Why? Because, for one thing, not every non-Jew will necessarily be like their father and agree to raise their children Jewish, host a Passover seder, give up a Christmas tree, attend Tot Shabbat, pay for Jewish Day School, and sit in temple knowing that congregants are looking at him and wondering what the story is here. (For the record, I know some people find it extremely offensive and to each their own but, when it comes to our family, if you’re curious, feel free to ask what our story is, and we’ll happily tell you. I prefer to teach my kids to accept strangers’ questions, rude though they sometimes may be, as expressions of genuine curiosity and an honest eagerness to learn, rather than the insensitive disturbance other interracial families I know see it as.)

I would like my children to marry someone Jewish to increase the odds of them continuing the traditions they were raised with. (Though it’s no guarantee of anything. I know couples where both parents are Jewish who aren’t nearly as committed to raising their kids Jewish as my husband is. Once again, to each their own.)
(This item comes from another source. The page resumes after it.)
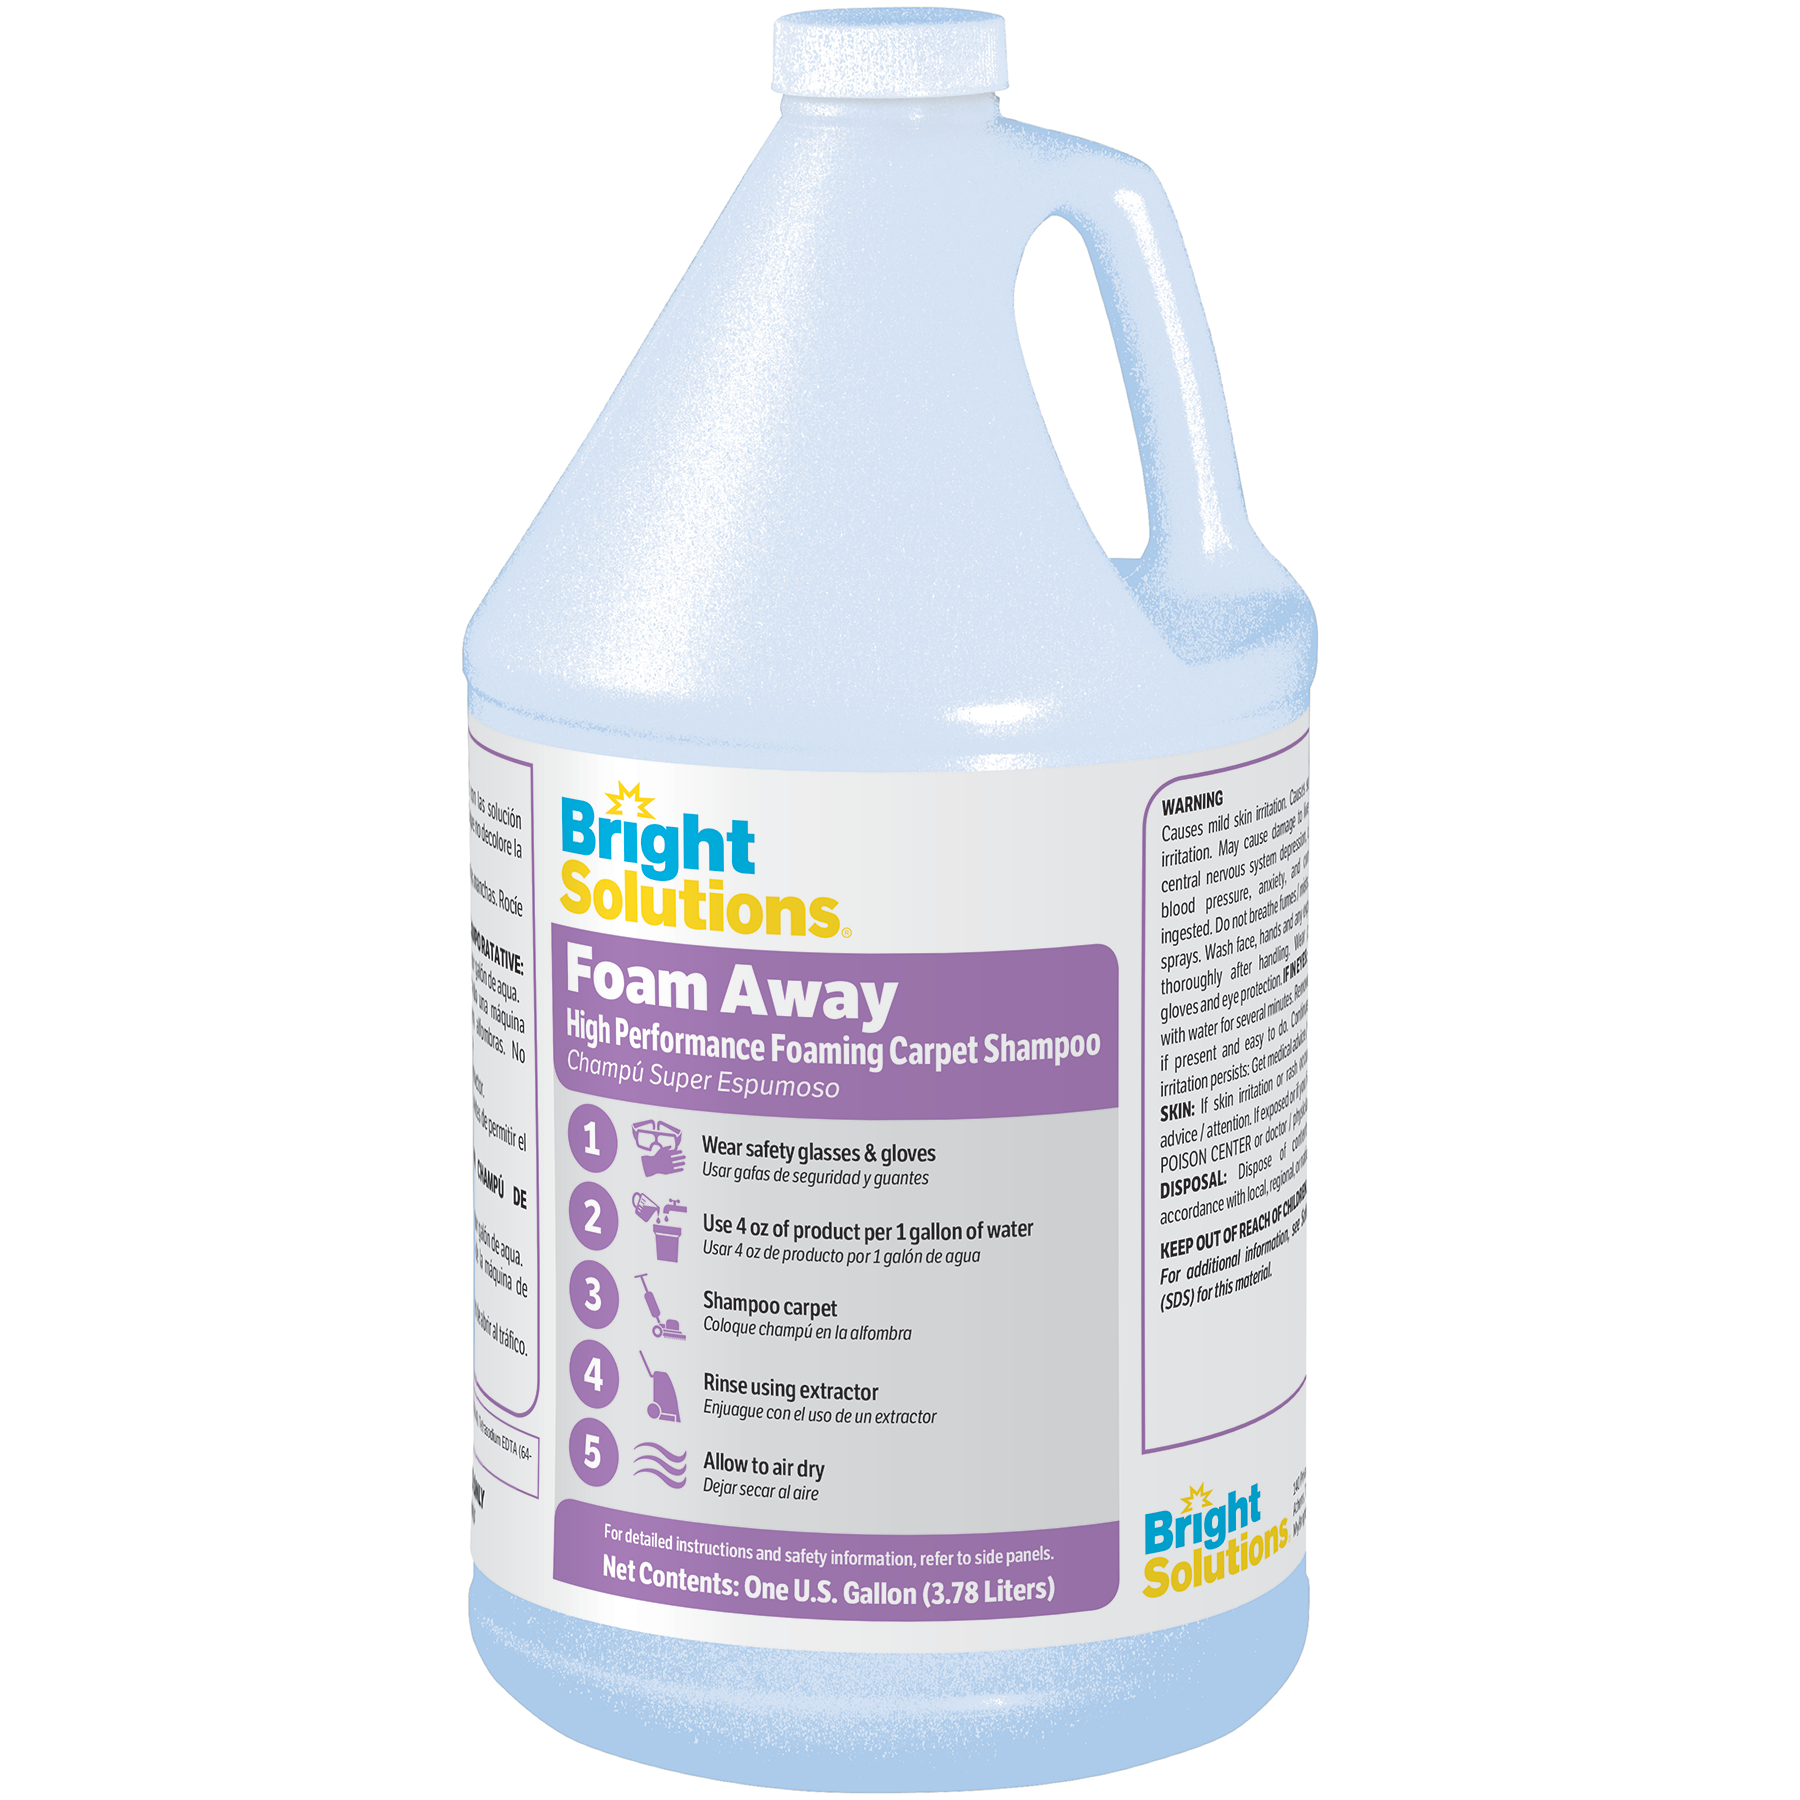 Bright Solutions® Foam Away — High Performance Foaming Carpet Shampoo - 4/1Gal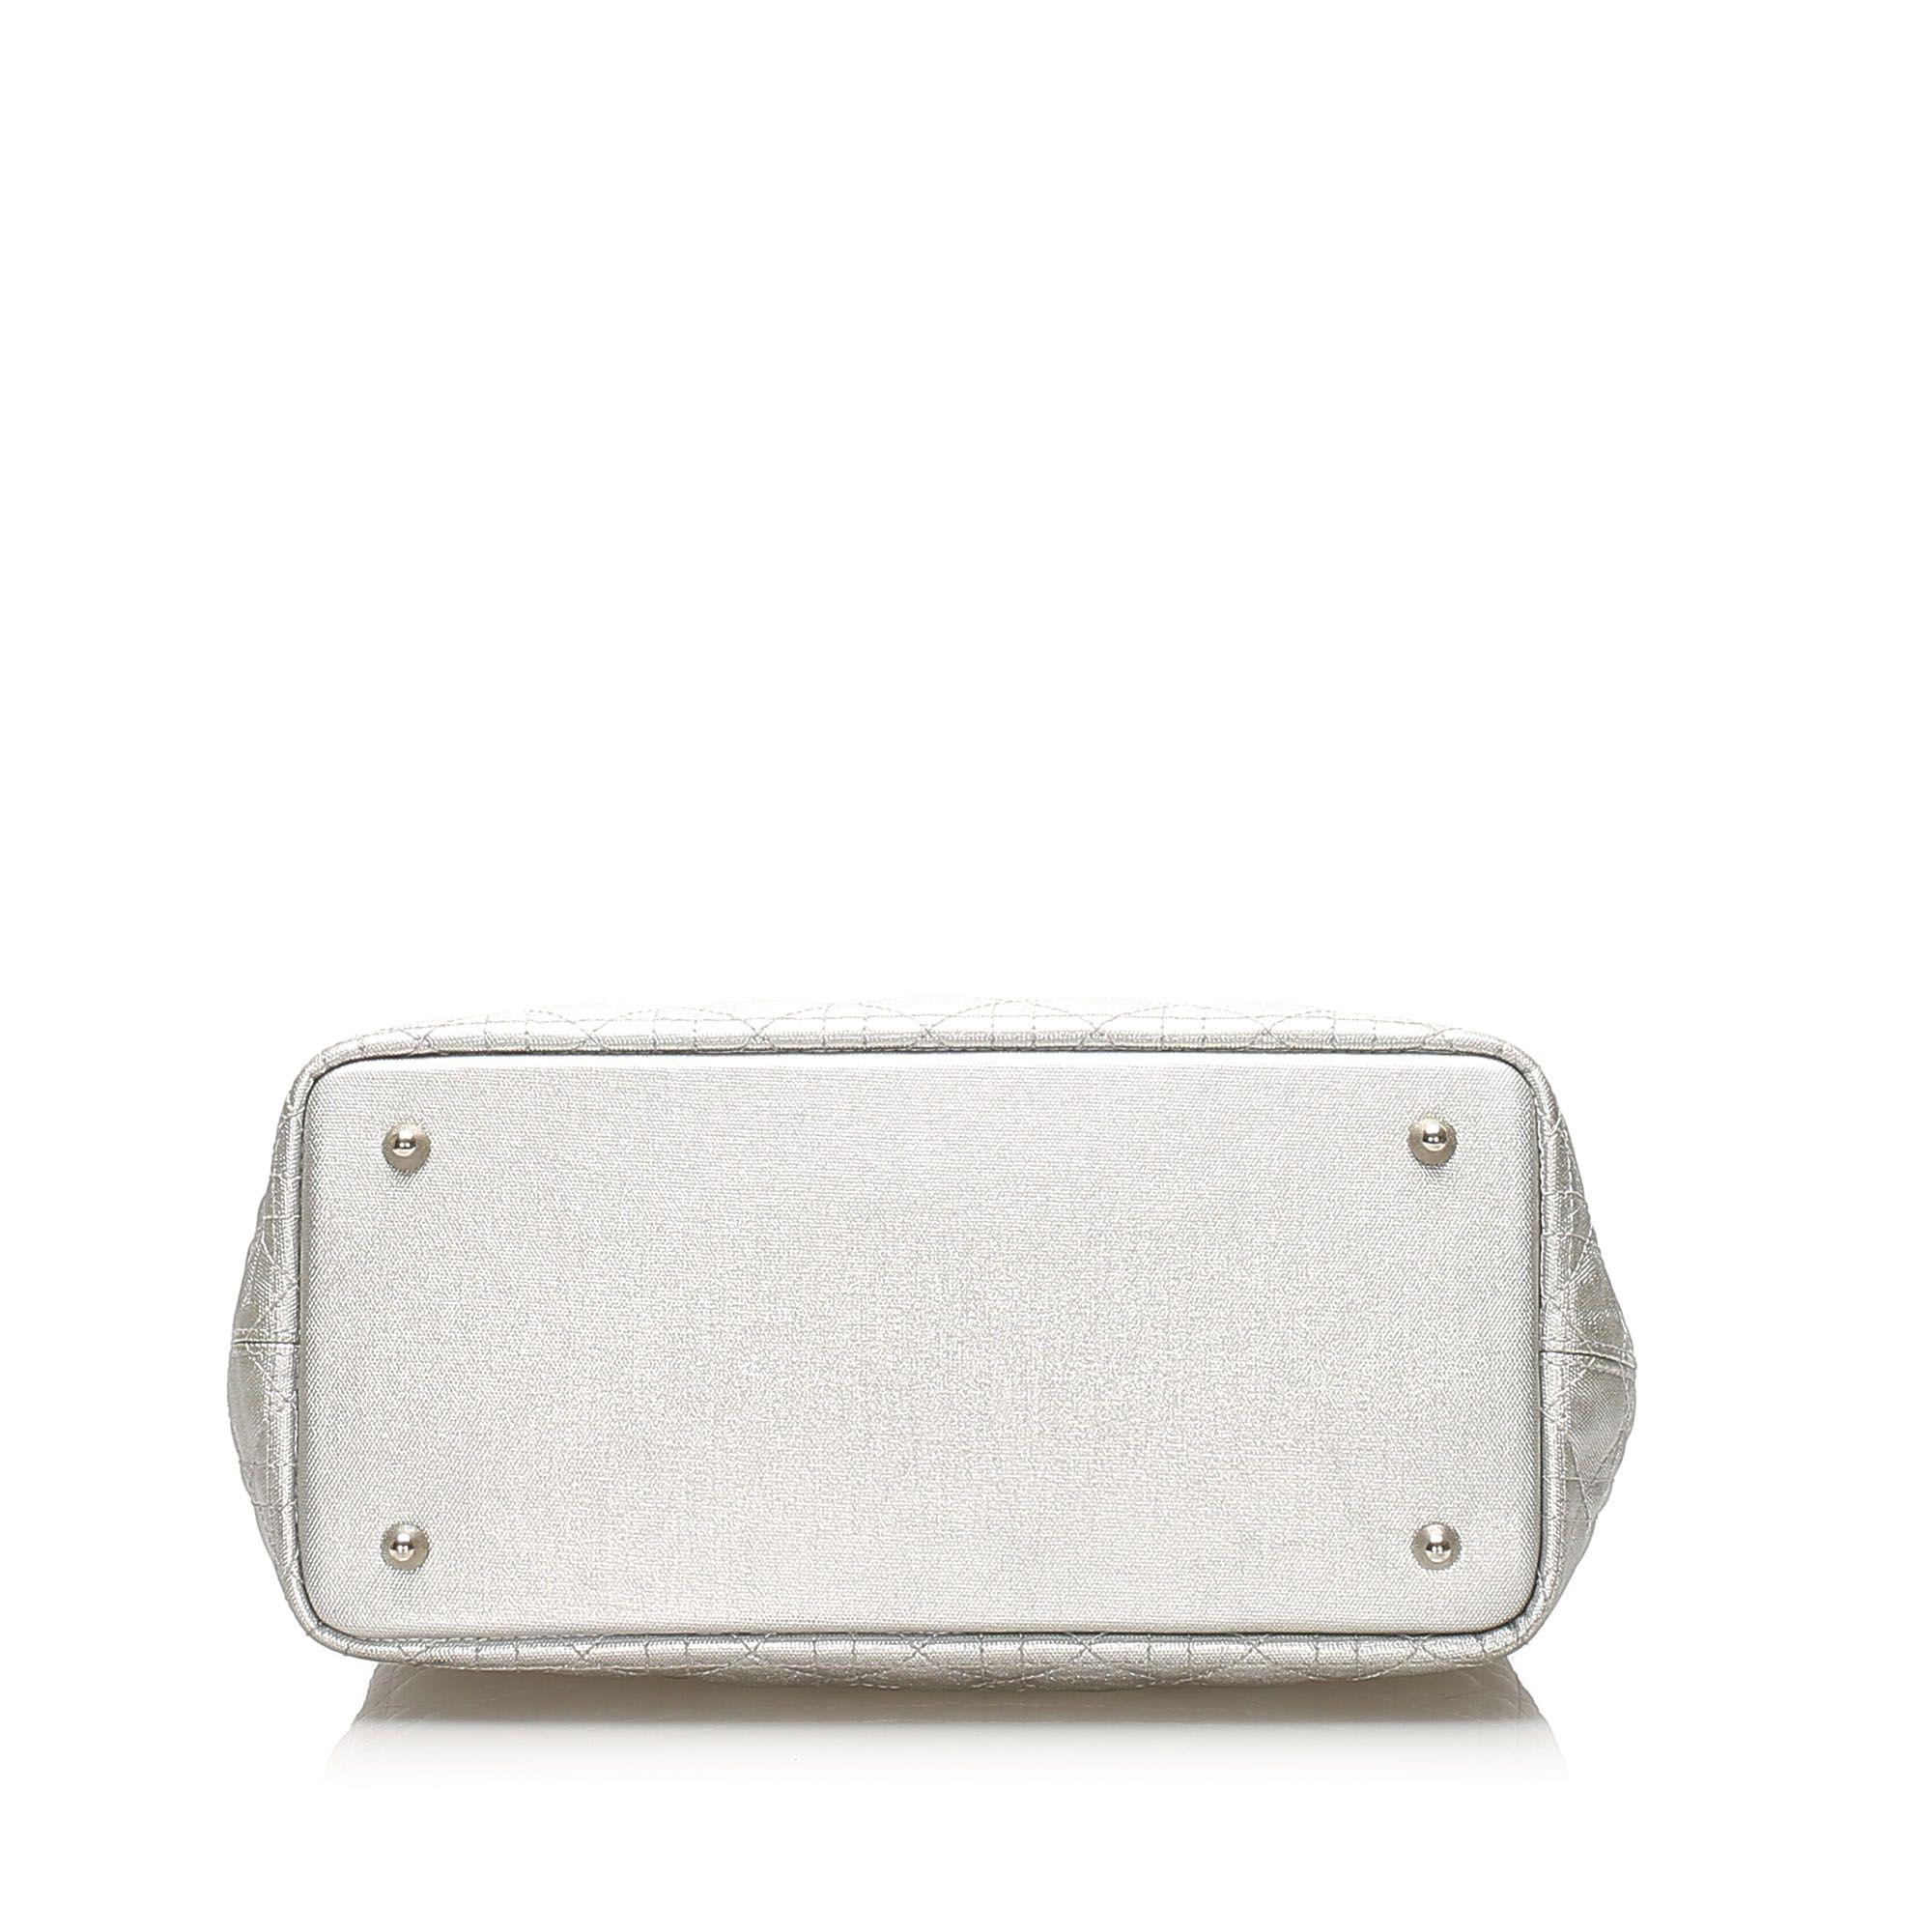 Vintage Dior Cannage Panarea Coated Canvas Tote Bag Silver

But, even if they don’t marry other Jews, I would really, really prefer that they choose their spouses, of whatever religion, race, ethnicity, gender, etc., for the right reasons. I hope they will select a partner based on their intelligence, on their sense of humor, on their kindness, on their passions, their career, their hobbies, heck, even how much money they make is still a better reason than because their name isn’t Stein or Weiss or Shapiro.

I married my husband based on who he was as an individual. Which was exactly the reason I didn’t marry any of the Jews I’d dated before him. (This despite my earlier generalization regarding (some) Soviet Jewish men like Gary Shteyngart.)

Hey, maybe that’s why we’ve managed to last longer than Jamie and Cathy’s (mostly miserable) last five years!